I lift my chin and keep walking. I didn’t move across the country to be intimidated by nosy neighbors with secrets tucked behind their polite smiles. Still, my boots hit the pavement faster than usual, and I don’t breathe normally again until I reach the treeline.

The forest receives me differently today. The hush feels more like a warning than a welcome. Still, I press forward. I want answers. My body hums with leftover adrenaline, my thoughts pulled in too many directions. I stop just past the grove wherethe energy readings spiked last night, drop my bag, and set up the solar sensors first, followed by the EM field monitor.
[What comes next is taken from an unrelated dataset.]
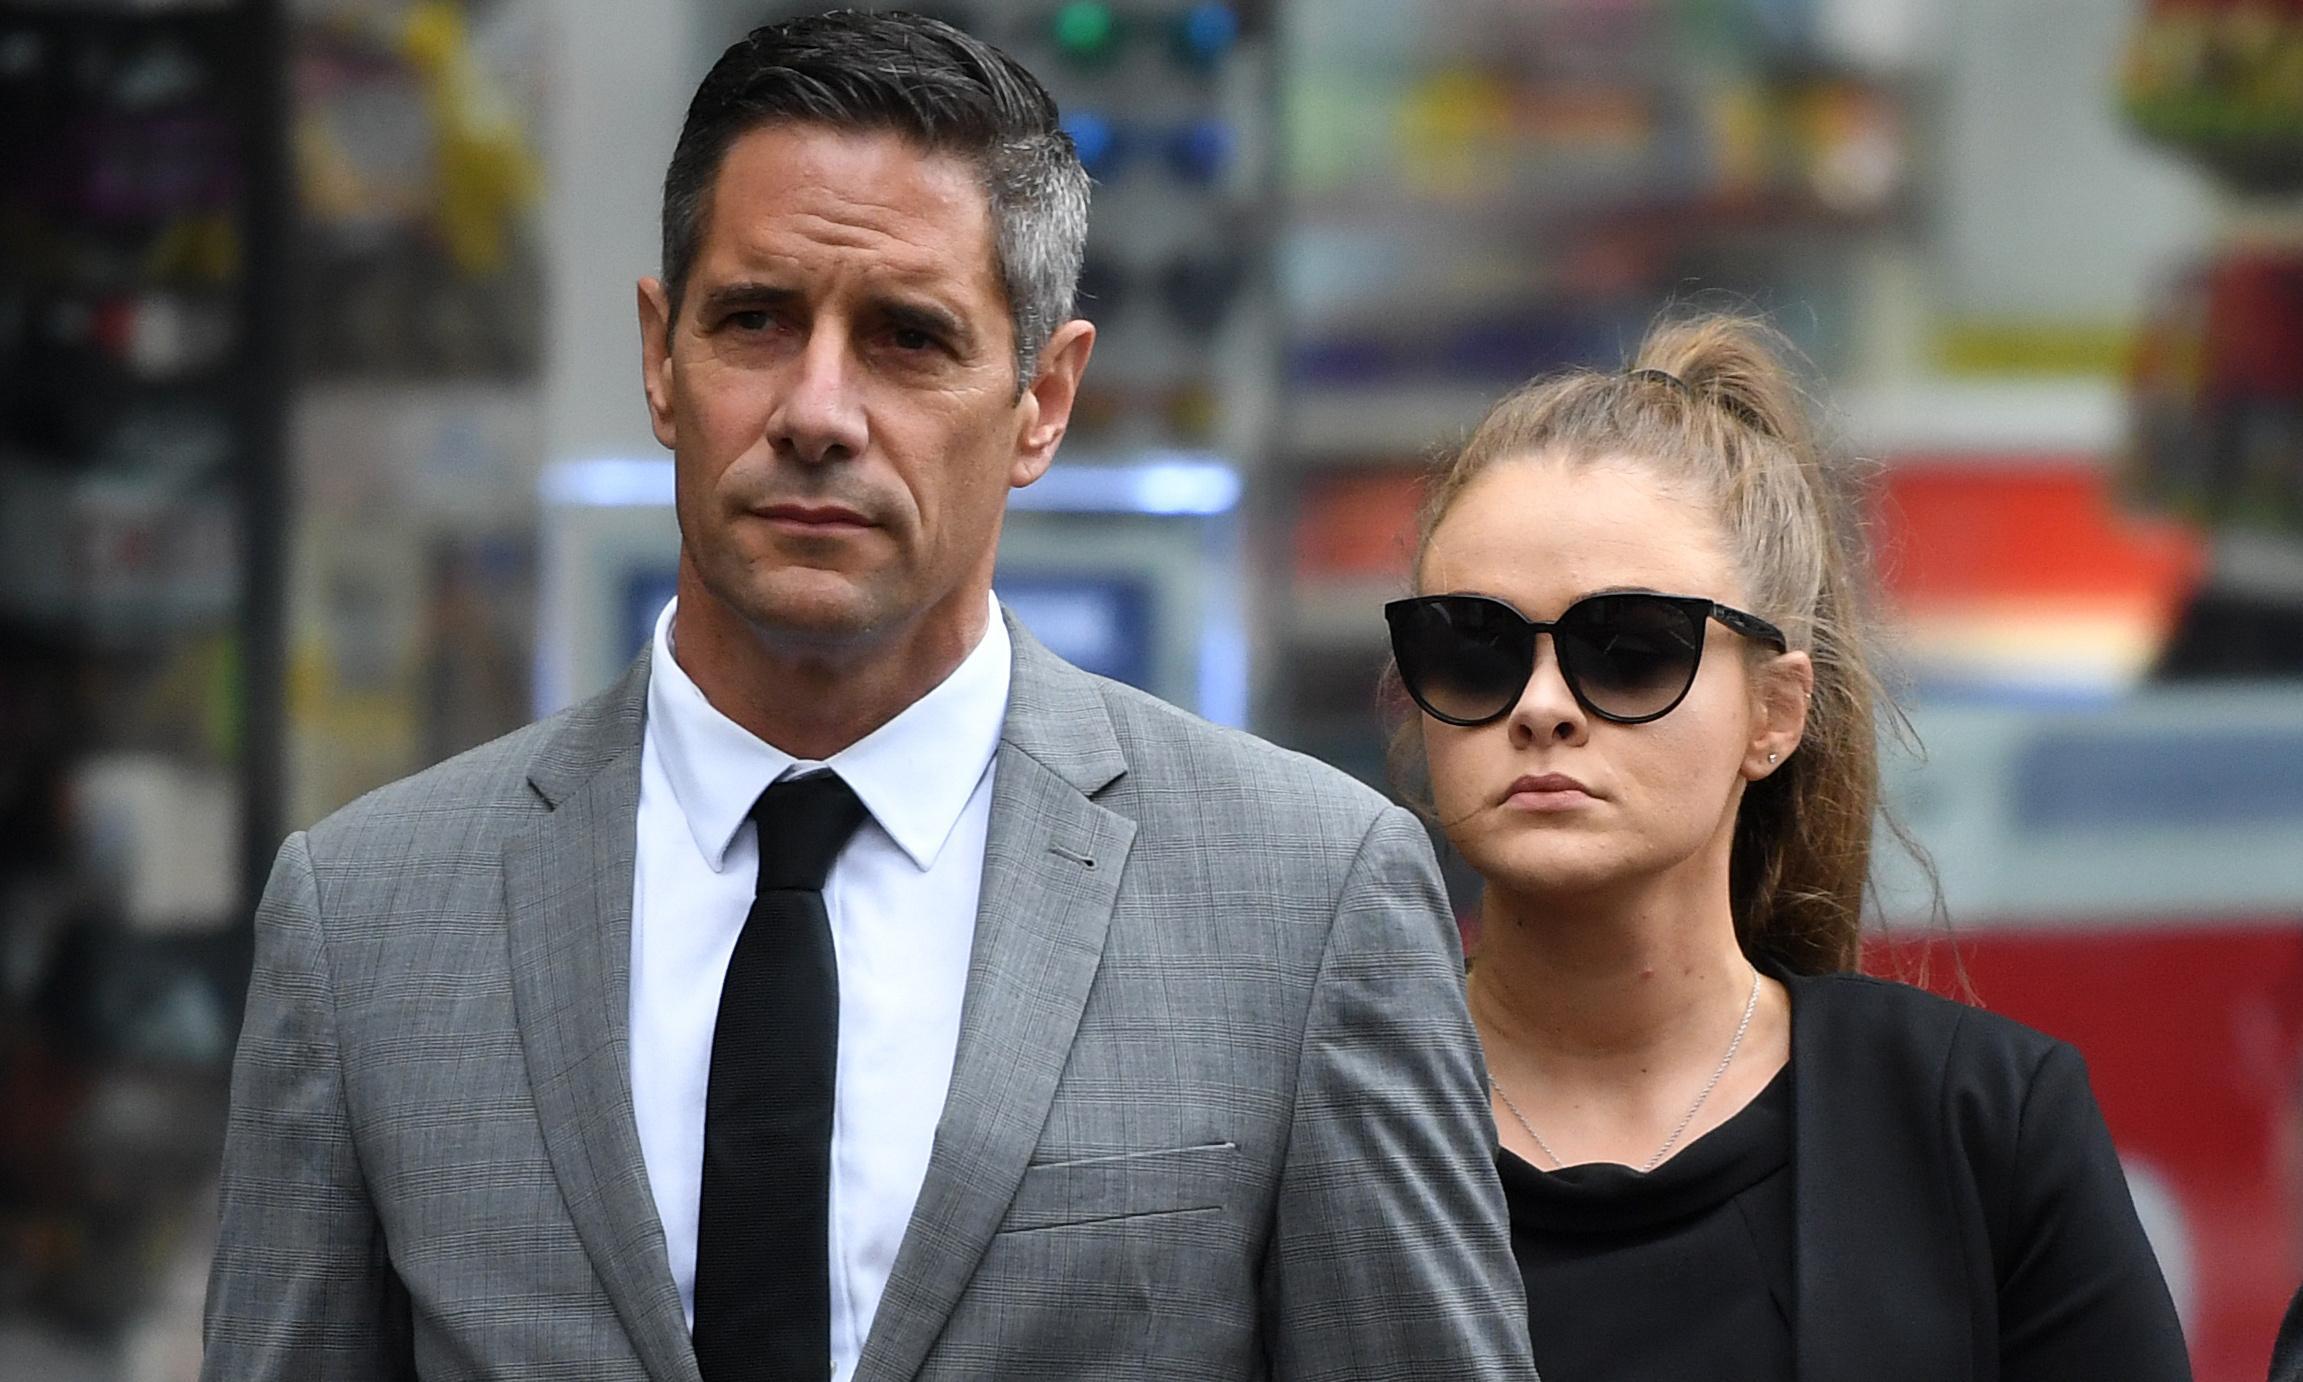 Roman Quaedvlieg's partner pleads guilty to misleading corruption investigators

The needles quiver almost the instant I power the device, delicate metal arms jerking toward one side before falling back. I hold my breath, watching as they twitch again, this time more sharply, like they’ve sensed something beneath the surface that I haven’t yet named. It’s not random. There’s a cadence to it, a pulse just out of sync with the earth’s usual rhythms. My chest tightens as I lean closer, heart thudding in time with the subtle, restless dance of the instruments.

"No way," I mutter.

I tap the monitor again and watch as the needle flicks, a small shiver in the metal arm that shouldn’t be happening. Not constant. Not predictable. Just a strange, rhythmic pulse rising and falling like breath. I flip open my field journal, jot down the readings with quick, practiced strokes, then pause.